# Flat Boat



## zdub (Sep 6, 2012)

I have been on here a while and have posted a couple times, but I do not want to offend anyone by posting this. I may try to sell my boat within the next couple of weeks. It is a 14 foot all welded aluminum boat with trailer. Is is older but in great condition. It has a 2012 Mercury 4 stroke tiller with a about 3 hours on it. If anyone on here is interested let me know. I would like to get $4500. It is rigged for floundering and fishing. :whistling:


----------



## feelin' wright (Oct 7, 2007)

Doubt you would offend anyone by selling your boat (other than your fishing buddies0. Sounds like a good deal.

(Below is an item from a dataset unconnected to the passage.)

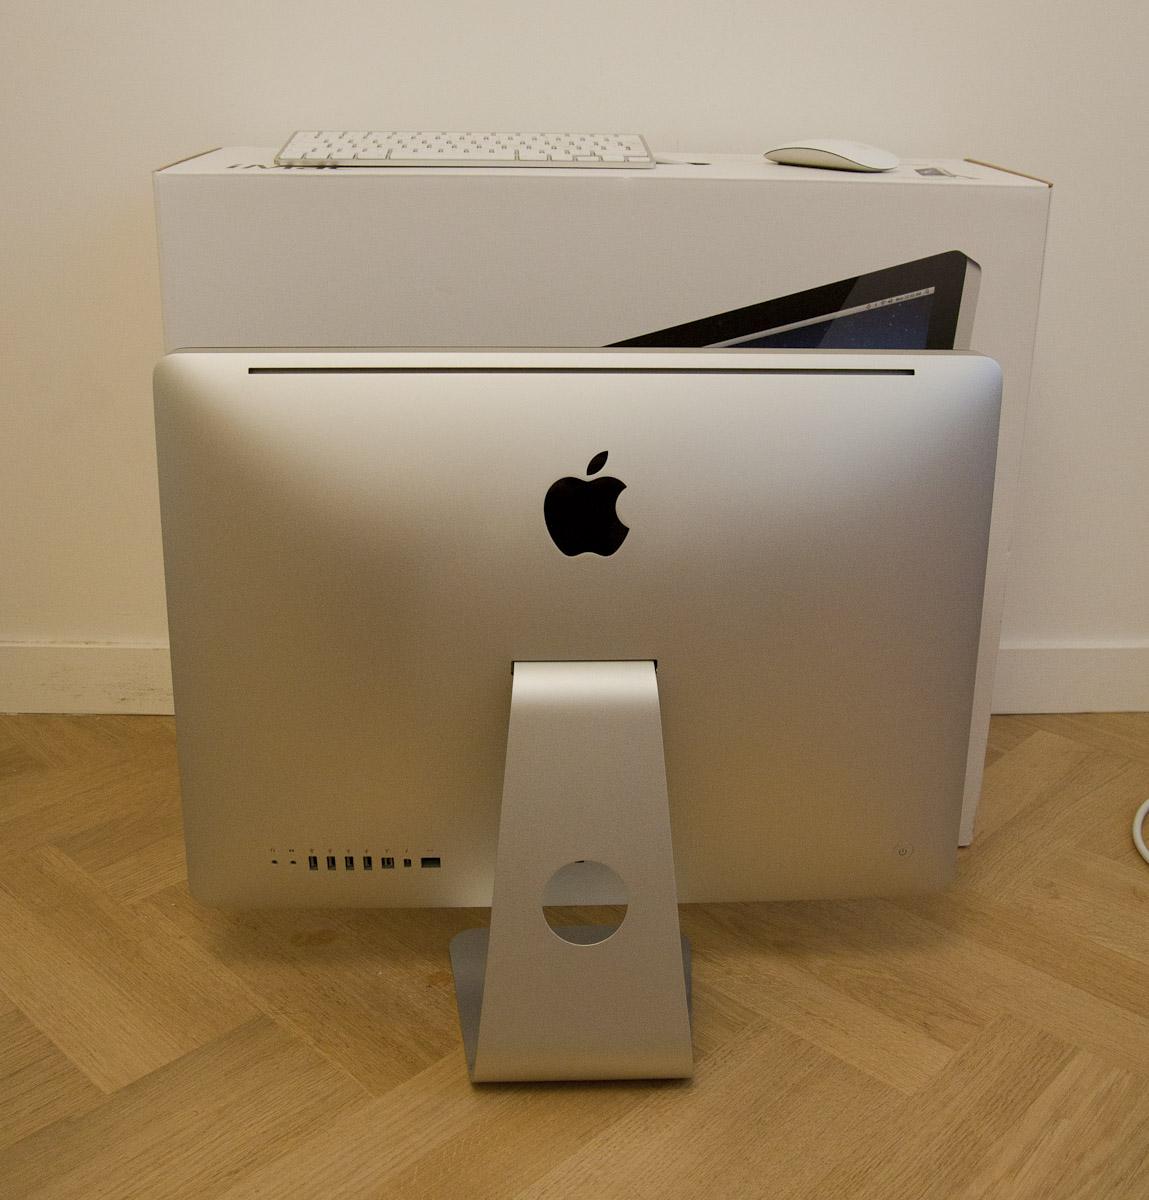 photo apple imac 21 5 i5 2 5ghz quadcore apple imac 21 5 i5 2 5ghz quadcore 466439. Black Bedroom Furniture Sets. Home Design Ideas

What size engine is on it?


----------



## zdub (Sep 6, 2012)

25 4 stroke


----------



## DropB (Feb 4, 2011)

Pictures ?


----------



## zdub (Sep 6, 2012)

Text me your number and I will send you pics. 251-979-5437


----------



## Flounder9.75 (Sep 28, 2007)

You getting out of the Boat bus. Or just going bigger


----------



## zdub (Sep 6, 2012)

Bigger


----------



## Flounder9.75 (Sep 28, 2007)

Bigger is always better How big


----------



## zdub (Sep 6, 2012)

16-18 I really want a center console skiff.


----------



## setlab (Jul 4, 2013)

I'm interested too, what's a good email I can contact you at?


----------



## zdub (Sep 6, 2012)

[email protected]


----------



## bowdiddly (Jan 6, 2010)

That is a great motor.

It is actually made by Tohatsu who make several major brand 4 strokes for other manufacturers.

I have a 30 just like it, only its a Nissan, and love it.


----------